Ok here is a quick video of it in operation. The box I have on the top has the sand we put in our plastic pumpkins so it is about 40 lbs of weight. I am sure it will handle two skeleton dancers that weigh about 10 lbs.


----------



## J-Man (Feb 1, 2011)

WOW, really nice work on that!


----------



## ghostlland820 (Jan 11, 2014)

Agree...wow! Ingenious.


----------



## stick (Apr 2, 2009)

As said before WOW that is going to look great when all done.


----------



## Mapleton Manor (Aug 2, 2014)

I had to remake the character platform (elongated it to fit the characters) and got the skeletons set. Now it is just time to paint it all up and going to get the music set. Have to get another small amp to play the music automatic. Will probably load a lot of songs by Midnight Syndicate on to a flash drive like I did my lightning. Gonna love them dancing to some creepy Halloween music. Here is a video with the caraters on it.


----------



## Bobhalloweendude (12 mo ago)

Mapleton Manor said:


> So several years ago my wife had the idea of having Fred Astair and Ginger Rogers in our display (both skeletons). Like most props I make it is my wifes idea that i make become reality.

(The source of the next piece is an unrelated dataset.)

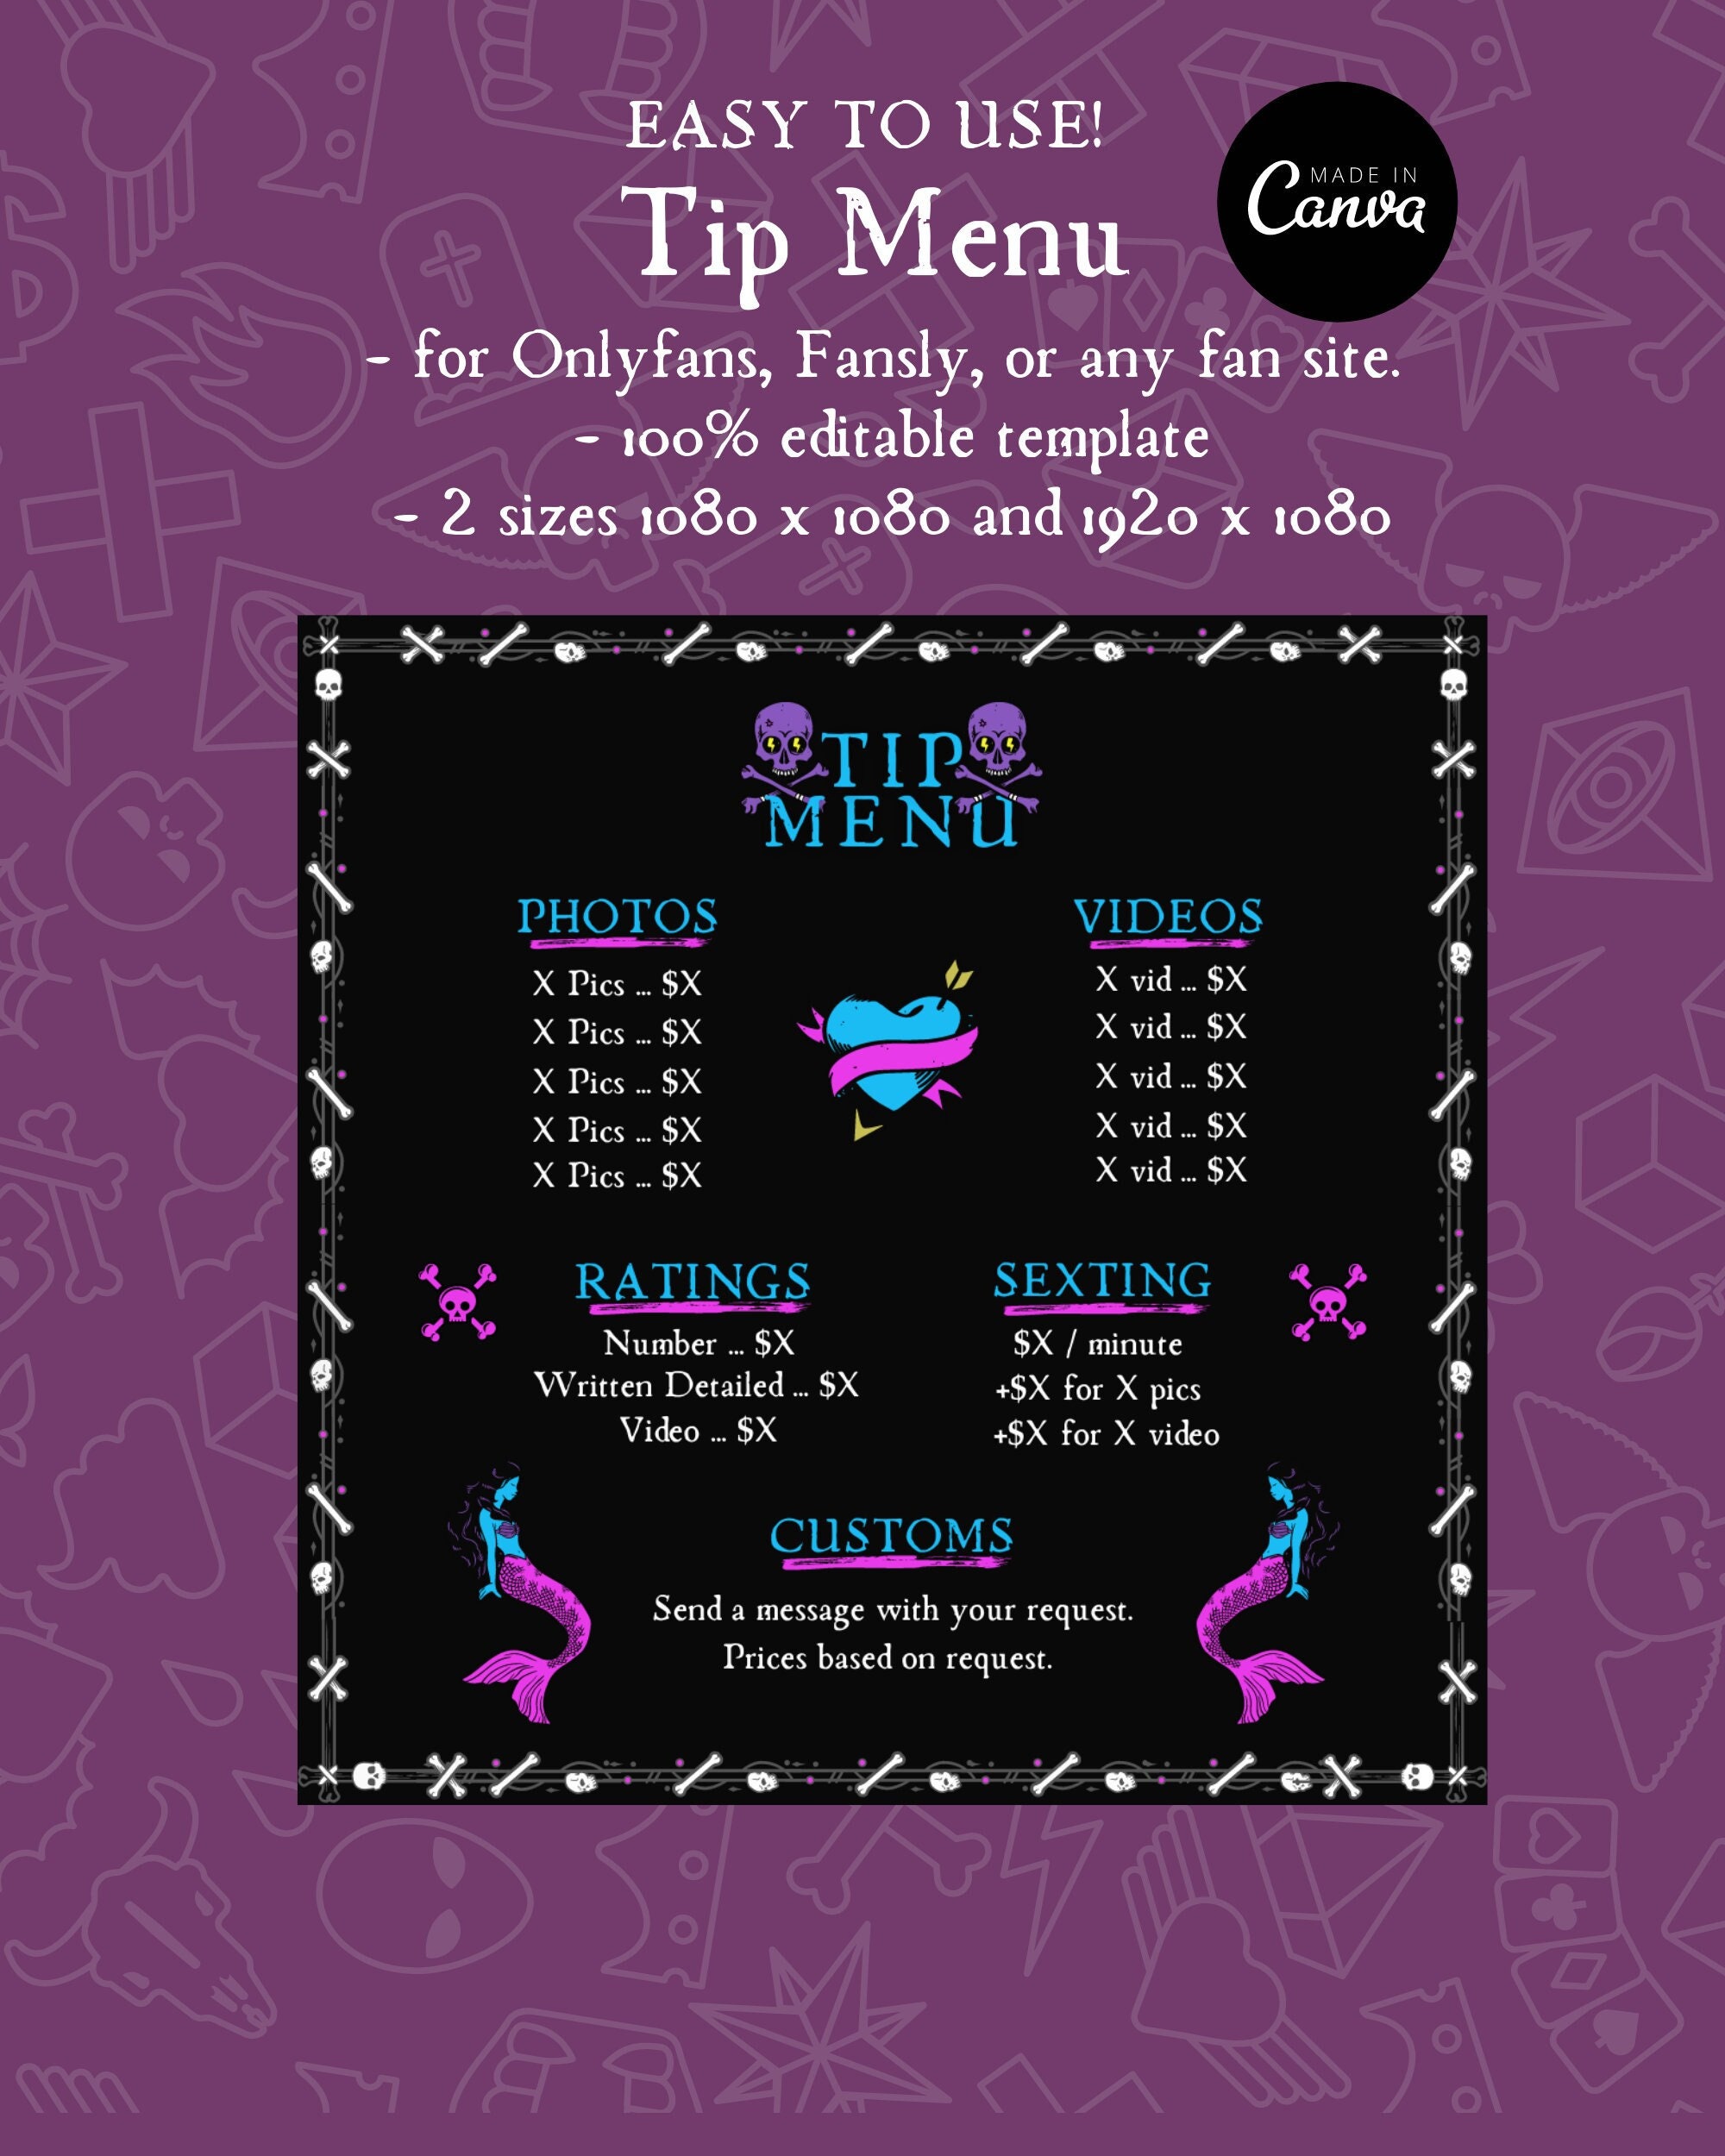 editable-tip-menu-template-for-onlyfans-fansly-or-any-site-etsy-singapore

So here it is.
> 
> View attachment 583489
> 
> ...


Hi I want to try and build something like this, I am not very good doing wood work so I wanted to know if you could give me a little bit more info of the boards you cut, outside length and inside length on top boards and any other measurements that might make this easier for me. thank you for sharing this, I think this is a great prop.


----------